Village Voice Literary Supplement, Editors’ Choice

Reissued 2013

Summary of Nampally Road

After four years as a student in England, Mira Kannadical returns to India to teach and write, hoping that “by writing a few poems . . . I could start to stitch it all together: my birth in India, a few years after national independence, my colonial education, my rebellion against the arranged marriage my mother had in mind for me, my years of research in England.”
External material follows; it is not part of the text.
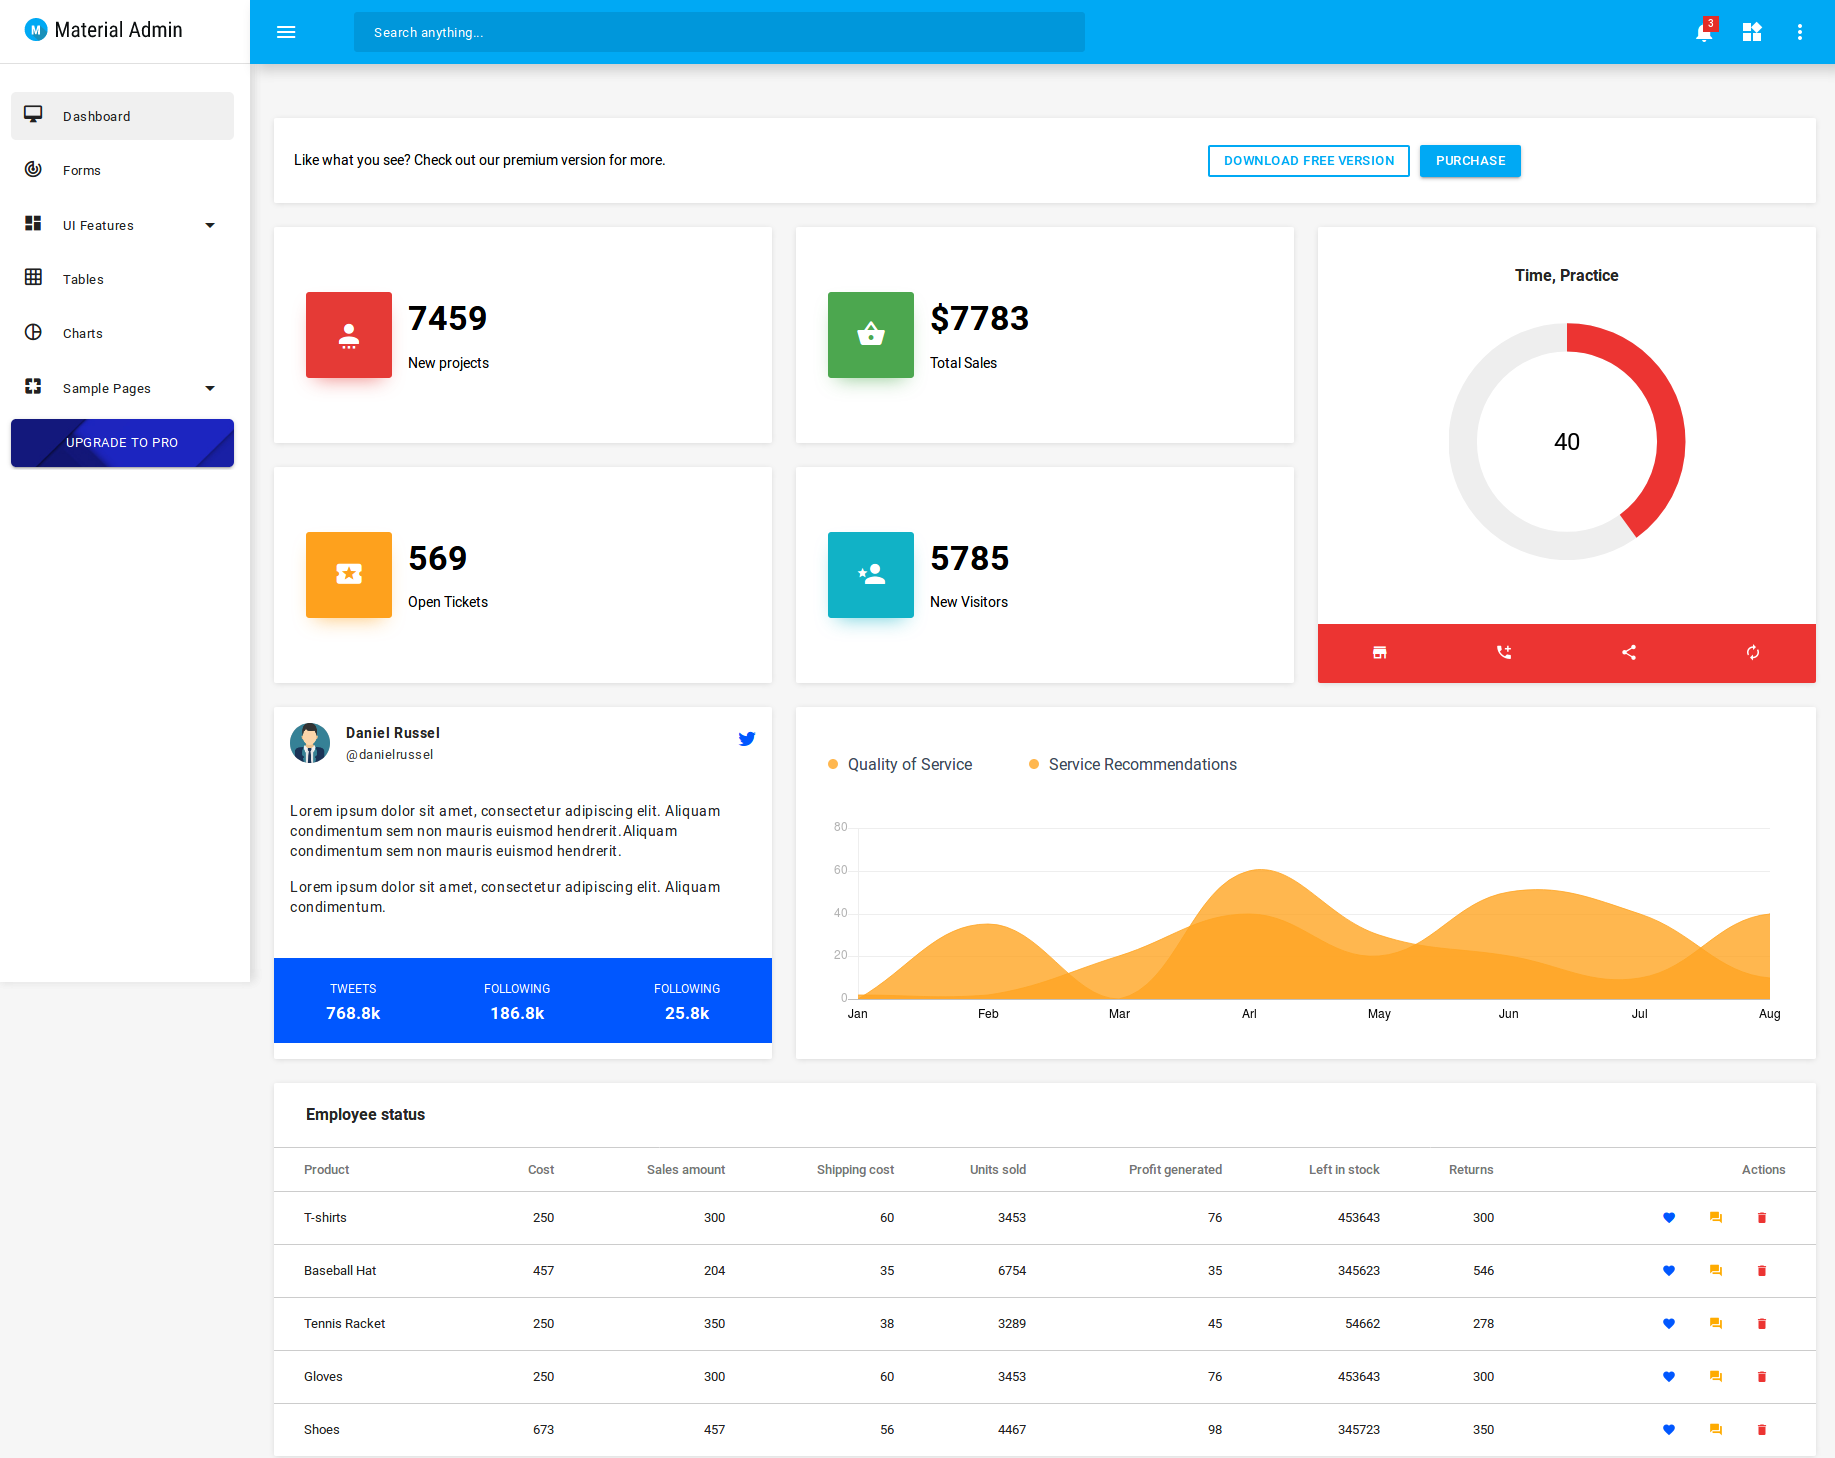 Free Bootstrap 4 Admin Template For Web Applications BEST HOME DESIGN

But the India that Mira finds, teems with confusion and unrest. As the conflict between the townspeople and police reaches a boiling point, Mira realises that the unrest in the souls of Indian men and women is ‘too visible, too turbulent already to permit the kinds of writing I had once learnt to value.’ Turning from poetry, Mira looks to people around her to help define herself: Durgabai, practical and devoted to her patients; Old Swami Chari, preaching that this world’s sufferings are only an illusion; and her rebellious lover Ramu, urging her towards dangerous political action.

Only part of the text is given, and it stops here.